Background: Viral haemorrhagic fevers (VHFs) refer to a group of illnesses that are caused by several distinct families of viruses. The term VHF is used to describe a severe multisystem syndrome characterised by an overall vascular system damage. Although no clinical cases of Ebola, Marburg or Yellow fever have been reported in Tanzania, its geographical position puts the country at high risk. With no known cure for all VHFs, the health systems rely on prevention and control strategies to contain new outbreaks. Early detection and diagnosis is a key trigger effective response to infectious disease epidemics.
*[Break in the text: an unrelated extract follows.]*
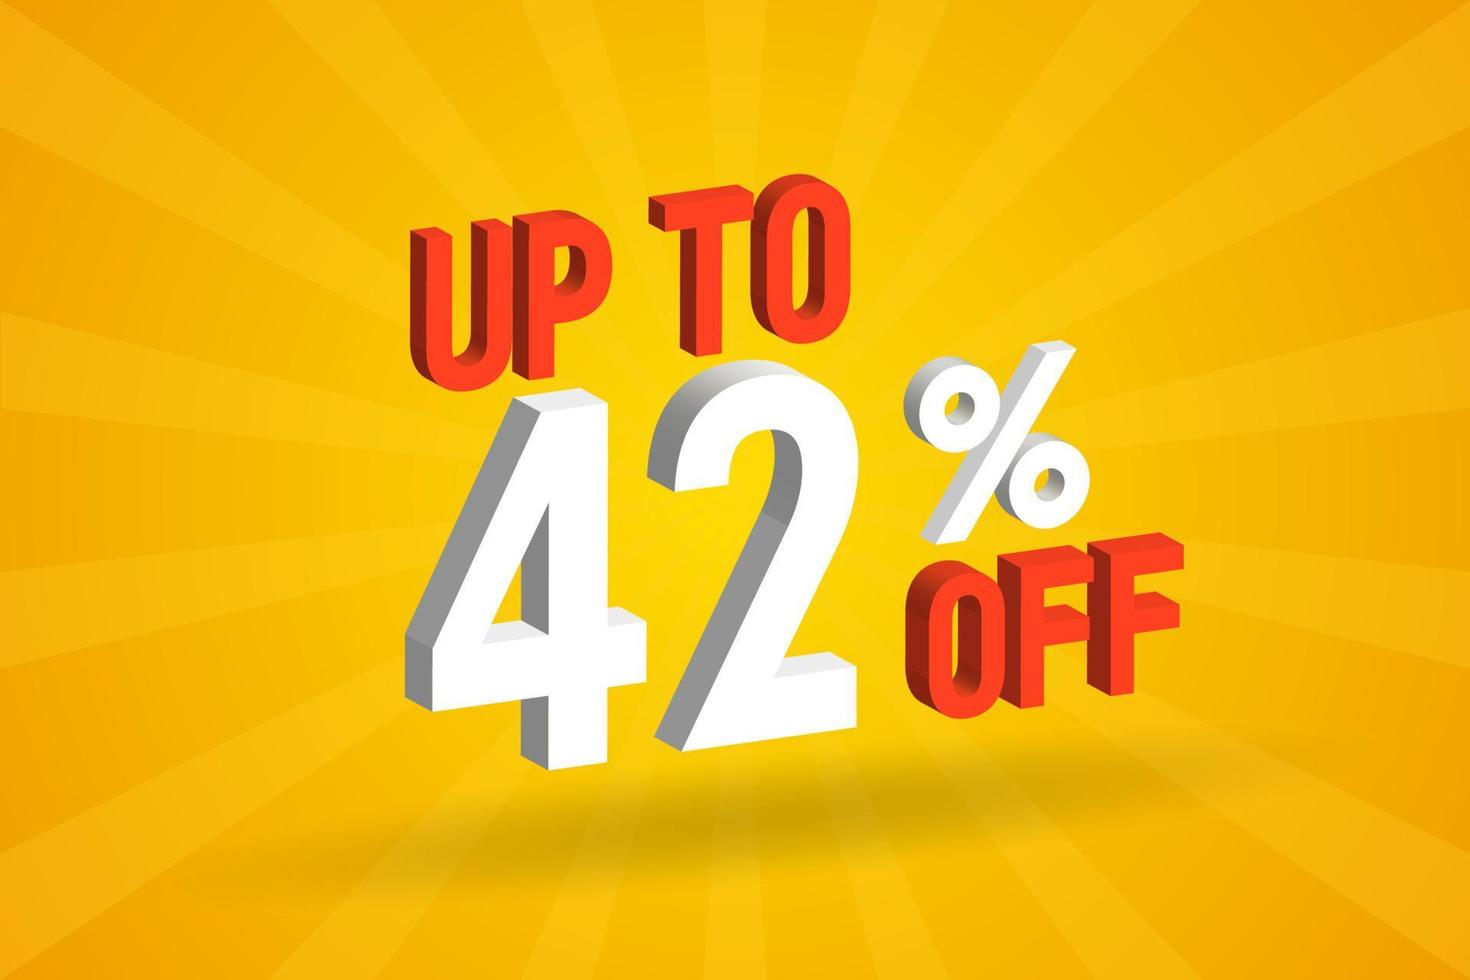 Up To 42 Percent off 3D Special promotional campaign design. Upto 42 of 3D Discount Offer for Sale and marketing. vector

Broad Objective: Strengthening capacity for surveillance and preparedness against viral haemorrhagic fevers in Tanzania. Specifically, the study aims to: (i) To develop and/or assess a genomics driven near-field based (multiplex) diagnostic system for surveillance of potentially high risk VHFs (Ebolavirus, Marburg, RVF, CCHF, Yellow fever and Arenaviruses) in Tanzania; (ii) To undertake a risk assessment of factors that increase the probability of incursion of VHF pathogens into Tanzania; (iii) To carry out clinical evaluation of diagnostic 2
tools developed under Objective 1 in areas identified as high risk by the risk assessment of Objective 2; (iv) To build capacity through training of staff in the wide application of molecular and serological technologies, and their derivatives, as tools for primary analysis of diagnostic samples; (v) To assess community knowledge and livelihood practices that influence prevalence and acquisition of VHFs in Tanzania
Methods: The study will involve all five ecological zones in Tanzania. The districts to be involved include Buhigwe, Kalambo, Kyela, Kinondoni, Kilindi, Mvomero, Kondoa, and Ukerewe. Mapping of the ecological zone will be done. All age groups individuals, except those less than 9 months of age will be sampled. Sampling will be done within the complete household which is selected and no household will be replaced if the residents are not found to be at home. Individuals will be asked to provide a blood sample. A total of 5-19 ml of blood will be collected from adults and children >10 years by venipuncture and one to three mls will be collected from children ≥9 months and ≤10 years of age also by venipuncture. Information on socio-demographic characteristics (age, sex, occupation, village, workplace, residence) will be collected for each subject. History including recent history of febrile illnesses, and other risk factors will be ascertained for all participants. Clinical parameters will be documented. The study-related questionnaires will be completed for each consented and assented subject who will then formally enrolled into the study using unique identification code that will restrict direct identification of individuals. All specimens will be processed at the Genome Centre at the Sokoine University of Agriculture laboratory in Morogoro, Tanzania.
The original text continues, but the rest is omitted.